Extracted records
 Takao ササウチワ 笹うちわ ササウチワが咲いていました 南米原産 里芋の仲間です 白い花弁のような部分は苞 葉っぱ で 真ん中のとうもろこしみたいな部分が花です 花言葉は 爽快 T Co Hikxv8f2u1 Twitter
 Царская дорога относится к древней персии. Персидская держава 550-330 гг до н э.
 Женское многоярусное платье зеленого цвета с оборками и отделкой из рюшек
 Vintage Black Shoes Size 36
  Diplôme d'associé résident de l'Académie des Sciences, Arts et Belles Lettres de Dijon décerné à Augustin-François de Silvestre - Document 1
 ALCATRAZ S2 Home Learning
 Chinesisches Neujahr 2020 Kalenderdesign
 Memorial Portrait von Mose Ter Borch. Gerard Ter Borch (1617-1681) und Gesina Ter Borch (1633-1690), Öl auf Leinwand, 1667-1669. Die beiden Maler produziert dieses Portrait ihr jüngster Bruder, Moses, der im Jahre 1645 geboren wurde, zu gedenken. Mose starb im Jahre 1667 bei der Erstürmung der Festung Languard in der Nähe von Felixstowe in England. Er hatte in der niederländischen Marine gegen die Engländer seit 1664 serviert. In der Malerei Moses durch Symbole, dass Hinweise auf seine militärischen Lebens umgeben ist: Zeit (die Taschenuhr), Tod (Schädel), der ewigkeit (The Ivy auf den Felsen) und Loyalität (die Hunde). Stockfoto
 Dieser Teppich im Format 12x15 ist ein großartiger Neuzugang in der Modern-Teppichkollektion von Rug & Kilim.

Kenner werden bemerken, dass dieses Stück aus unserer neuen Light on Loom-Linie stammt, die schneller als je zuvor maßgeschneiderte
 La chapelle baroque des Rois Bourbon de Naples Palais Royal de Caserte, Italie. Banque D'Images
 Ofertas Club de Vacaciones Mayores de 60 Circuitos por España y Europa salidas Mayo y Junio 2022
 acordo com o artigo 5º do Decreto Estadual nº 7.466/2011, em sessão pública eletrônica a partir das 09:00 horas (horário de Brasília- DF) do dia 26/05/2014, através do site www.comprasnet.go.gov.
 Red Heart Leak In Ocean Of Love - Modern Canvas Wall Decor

WHAT YOU SHOULD DO
Only the lines from the one containing "Kenner werden bemerken, dass" through the end of the records above belong in the answer, each exactly as written.

EXERCISE OUTPUT
Kenner werden bemerken, dass dieses Stück aus unserer neuen Light on Loom-Linie stammt, die schneller als je zuvor maßgeschneiderte
 La chapelle baroque des Rois Bourbon de Naples Palais Royal de Caserte, Italie. Banque D'Images
 Ofertas Club de Vacaciones Mayores de 60 Circuitos por España y Europa salidas Mayo y Junio 2022
 acordo com o artigo 5º do Decreto Estadual nº 7.466/2011, em sessão pública eletrônica a partir das 09:00 horas (horário de Brasília- DF) do dia 26/05/2014, através do site www.comprasnet.go.gov.
 Red Heart Leak In Ocean Of Love - Modern Canvas Wall Decor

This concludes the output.